И сам Вовка неделю спустя и думать забыл о происшествии с сапожками, весело шлепал босыми ногами на пару с Петькой по пыли да по лужам. Потянулись золотые деревенские деньки на приволье, среди пахучих трав и шмелиного гуда. И полюбил Вовка деревню, и плакал горько, когда у отца кончился отпуск и приспел час расставаться с нею…

В молодости лишь иногда, совсем редко, мельком, вспоминал он свои самые первые, тридцать пятого размера, сапожки. Но с течением лет получалось что-то непонятное: вместо того чтобы отступать вдаль, уменьшаться, сходить на нет, сапожки будто двинулись из детства в обратный путь, вдогонку за своим бывшим владельцем. В последнее время он думал о них все чаще и чаще. И о тетке Насте. И о Ваньке с Дунькой. И особенно о Петьке. Постепенно память о том злополучном дне становилась для него наваждением, тревожным и раздражающим. Он успокаивал себя: чем ближе к старости, тем ближе человек мыслями к детству. Это естественно. Недаром говорят мудрые люди, что жизнь наша — это круг, где рождение и смерть встречаются… Но рассуждения не успокаивали.

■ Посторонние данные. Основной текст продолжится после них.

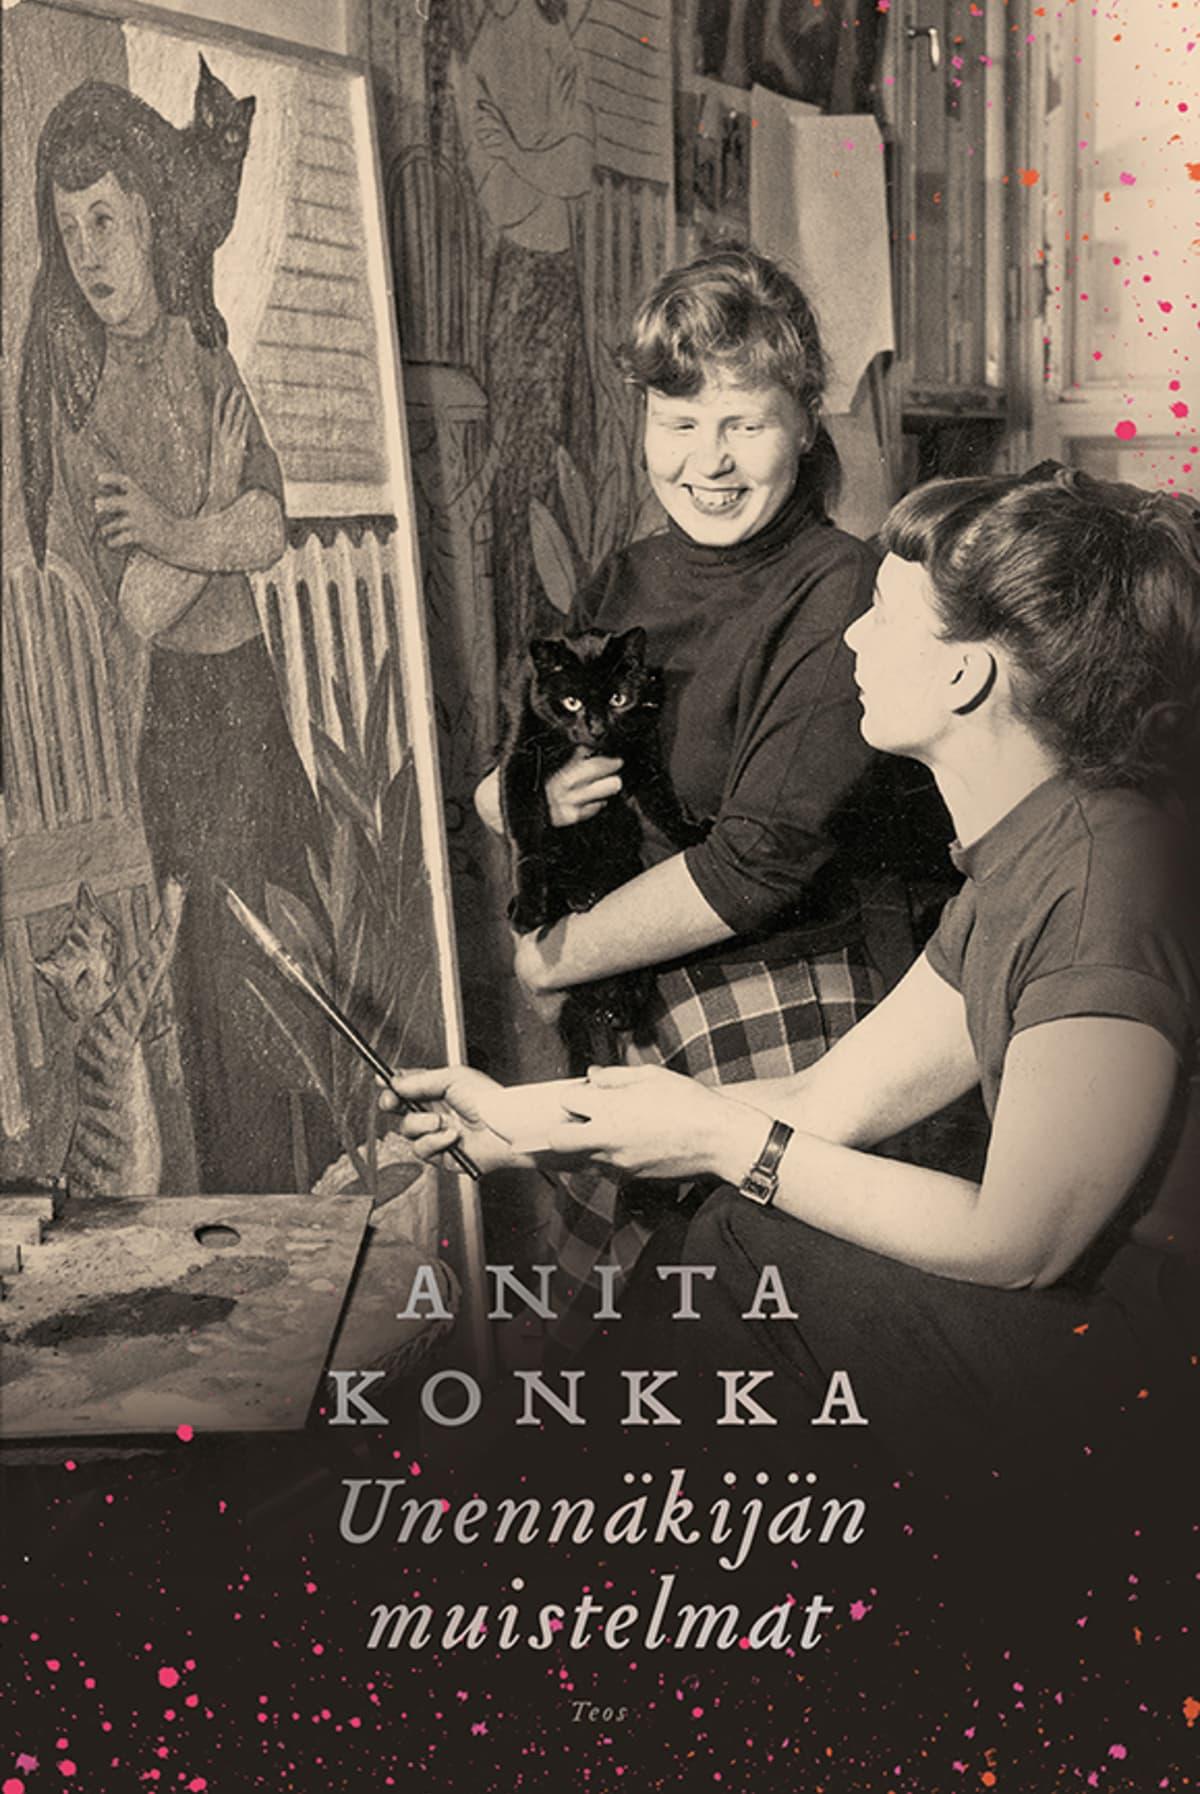 Anita Konkka: Unennäkijän muistelmat -kirjan kansi

— Далеко еще, Антоныч? — спросил Владимир Петрович, томясь.

— Нет, теперь близко. А что? Ехать надоело?

— Да уж скорей бы. Хочется посмотреть на Хохлово. В детстве приходилось бывать. У меня там отец родился. И родственники живут.

— Родня? — заинтересованно обернулся Антоныч. — Что же вы раньше не сказали? Это кто ж такие?..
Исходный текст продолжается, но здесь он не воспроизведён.